Some people say that music is their life.
That’s not me. I actually really don’t like listening to music. It’s kind of like what people say when they don’t like to dance: I just never know what to do with my hands. I know. I’m weird. It’s not that I don’t like music. I love to sing and play the piano. I love the way it sounds, and the way it makes me feel sometimes. I just really don’t like the activity of listening to it. I ESPECIALLY hate listening to it with other people. It actually makes me more uncomfortable than anything else. I don’t know where to look, whether or not I should dance (which is always a no for me unless I’m drunk… What? Who drinks? Not me), whether it is socially acceptable to talk or not, etc. Not to mention, it’s so boring! I want to spend time with YOU, not a recording of someone else playing or singing who isn’t even here. I feel like that is a perfectly reasonable feeling to have. Go ahead and judge. I couldn’t care less.
I digress. Billy Joel is the exception to the rule. I really don’t know why people listen to music to be honest, but I listen to it for one reason: to incite a certain feeling, whether it be motivation, determination, sadness, or most commonly- nostalgia.
Backstory: My mom used to run errands ALL THE TIME when I was a child. I would sit in the right back passenger seat and look out the window. That’s part of why I think I have an awesome sense of direction. I always knew where everything was in my hometown because I was always looking out the window. I think when I was 8 I even drew a map of my hometown from memory. Anyway, my mom never played the radio in the car. I’m not sure why actually; it really might have helped me fit into normal society with normal music. Whatever. I wouldn’t have it any other way. My mom would play soundtracks from musicals- Rent, Phantom of the Opera, Ragtime, and Les Miserables mostly.
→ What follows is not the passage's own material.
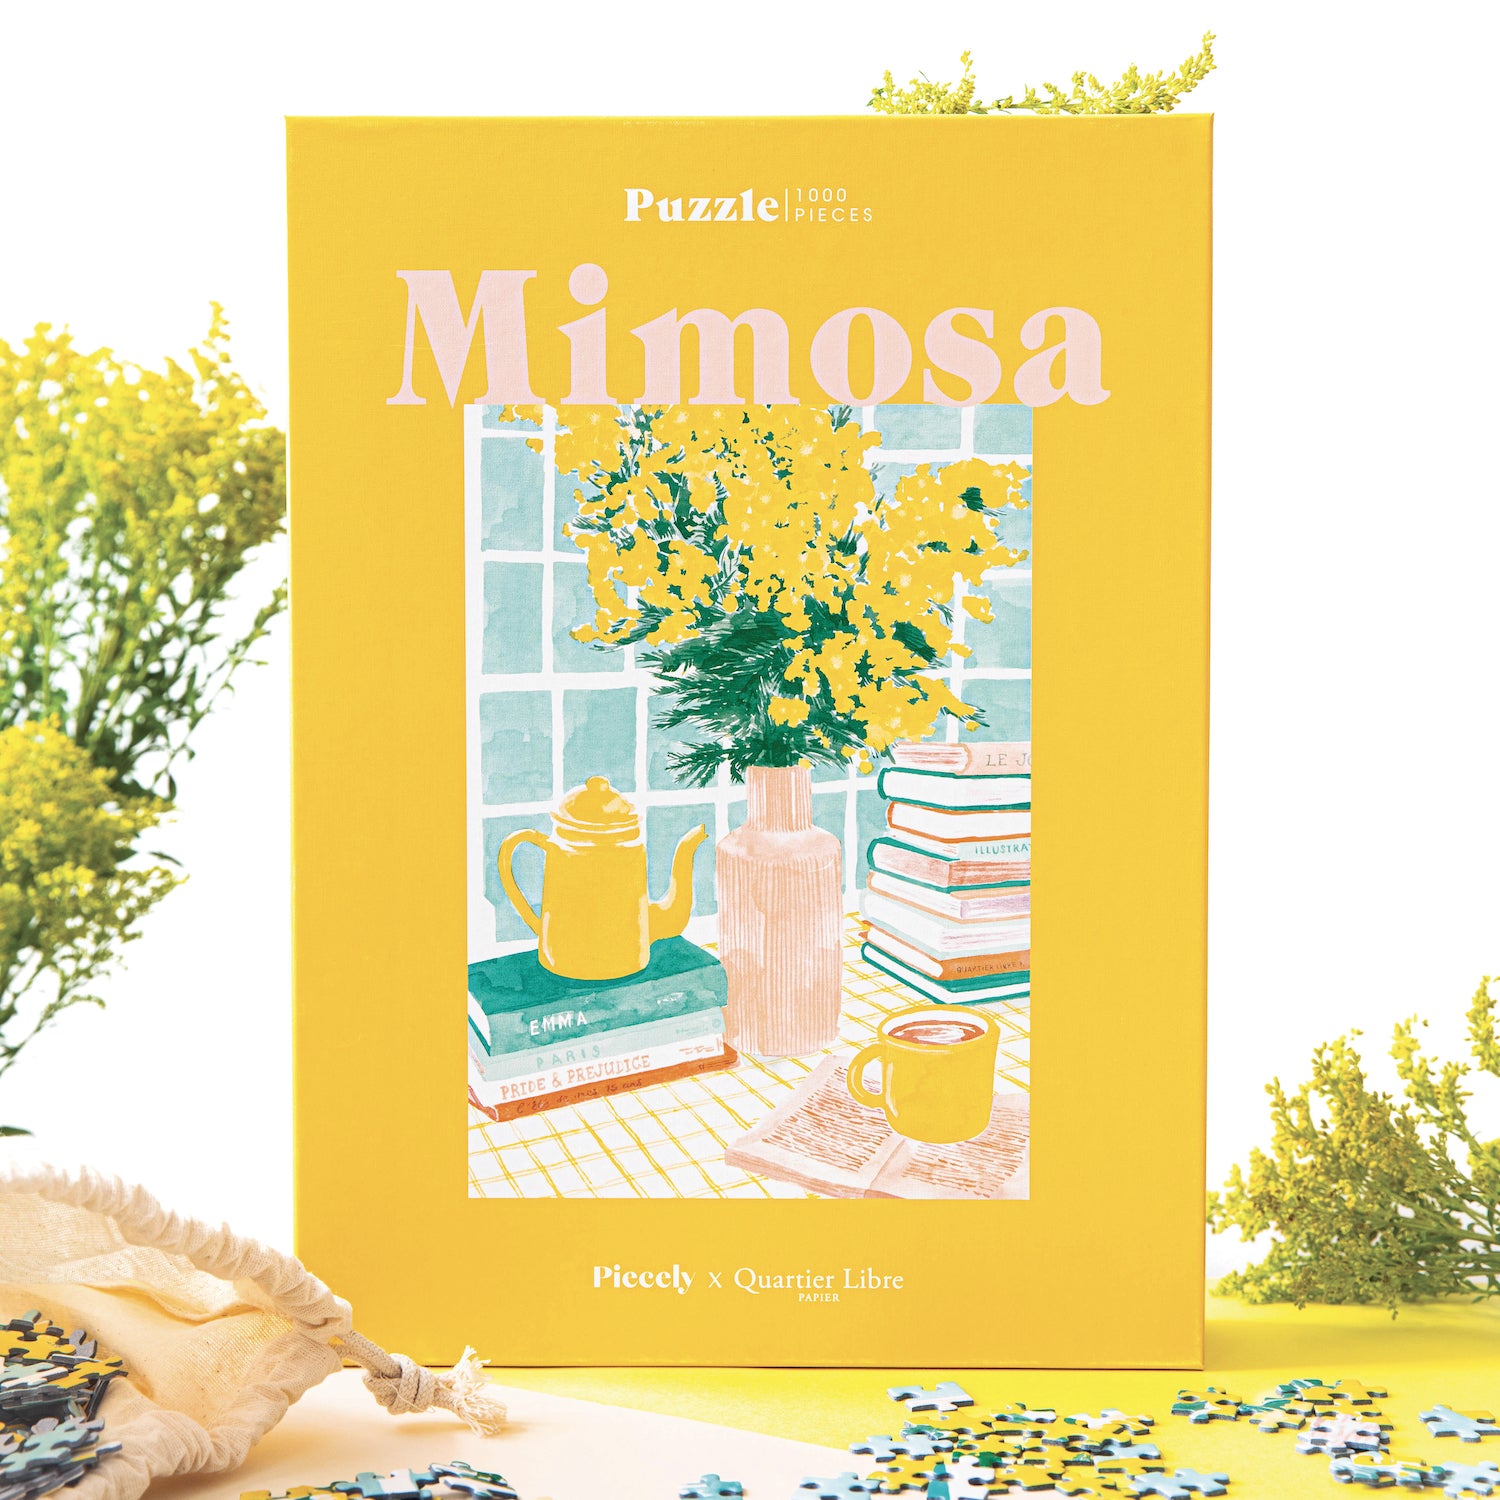 Nachhaltiges, 1000-teiliges Puzzle für Erwachsene, das ein Stillleben bestehend aus einem Strauß Mimosen, einer Tasse Kaffee und Büchern zeigt.

For awhile, that music made me feel really nostalgic, but when I saw each show, I connected different feelings with the music, so musicals don’t really have that effect on me anymore.
However, when she wasn’t playing musicals, the only other thing she would play is Billy Joel*. And my mom has a LOT of Billy Joel. She has 11 different albums on CD, and that’s excluding her “Best Of” albums. Anyway, that’s what she played. So many songs hold so many different meanings for me: when she would sing along, when she would blast them in the middle of a heated argument to get me to shut up, or when she needed music to keep herself awake. For a long time in middle and high school, I hated Billy Joel, and I would complain every time she would play those CDs. I hated being reminded of being trapped in that car with her, sometimes for HOURS, driving from place to place, bored out of my mind. I’m pretty sure I spent about a quarter of the first 18 years of my life sitting in that car with her. A lot of times, she would use that time to lecture me about EVERYTHING. I can’t even tell you haw many times she told me she would kick me out once I turned 18, how many times she told me countless stories from her childhood that were SOMEHOW relevant to all my angsty preteen problems, how many times she lectured me on my grades, and how many times I cried in that car. At that point, I associated Billy Joel with feeling trapped. I could not stand it.
Then I went to college. Going to college was quite possibly the scariest thing I have ever done. I have never felt such a lack of stability before in my life. I felt so completely alone. I remember the first day I moved in, I was STARVING, but I could not bring myself to go get a meal by myself. So I tried to take a walk by myself on the South Oval, but I knew I was going to cry, so I walked back to my room and tried to take a nap. When I hugged my parents goodbye and turned to walk into my dorm for the first time, that was the most terrified I have ever felt. I think that has got to be one of the bravest things anyone can do: turn around and walk away alone from everything familiar and safe and toward something unfamiliar and new. I think that’s something that a lot of people can’t wrap their head around. When I came here, I knew NO ONE. No one in my dorm, no one at this school, no one in this city, no one in this state. There was nothing familiar here for me, I’d only been to Columbus, to OHIO twice before. I’d always dreamt of a fresh start like this, and here it was, and I wasn’t even sure if it was what I really wanted. I spent SO many days by myself, and that was really upsetting for me. In high school, I was really good at surrounding myself with people and activities so that at the end of the day, I would be too tired to deal with myself. When faced with all this time with ME, I didn’t know what to do with myself. I think that’s how all of my state pride came about; I needed to cling to anything that gave me any sense of familiarity.
And this is where Billy Joel comes in. The music that used to remind me of anger I felt towards my mother now reminds me of cherished time I got to spend with my mom. I remember her singing along to “Summer, Highland Falls”; she would call it the vocab song, because he used words like “cathedrals”, “inhumanity”, “meditation”, and “euphoria”. I remember I would get so annoyed with her when she’d play it, but now it’s one of my favorite songs. Listening to Billy Joel helped relieve my homesickness. Now it helps motivate me, get me through break ups, get me moving when I’m walking places, etc.
Basically what I’m saying is, anyone who doesn’t like him can kindly fuck off.
*That’s a lie, she also would play the St. Elmo’s Fire soundtrack. Speaking of which, that theme makes me cry EVERY SINGLE TIME. That’s all.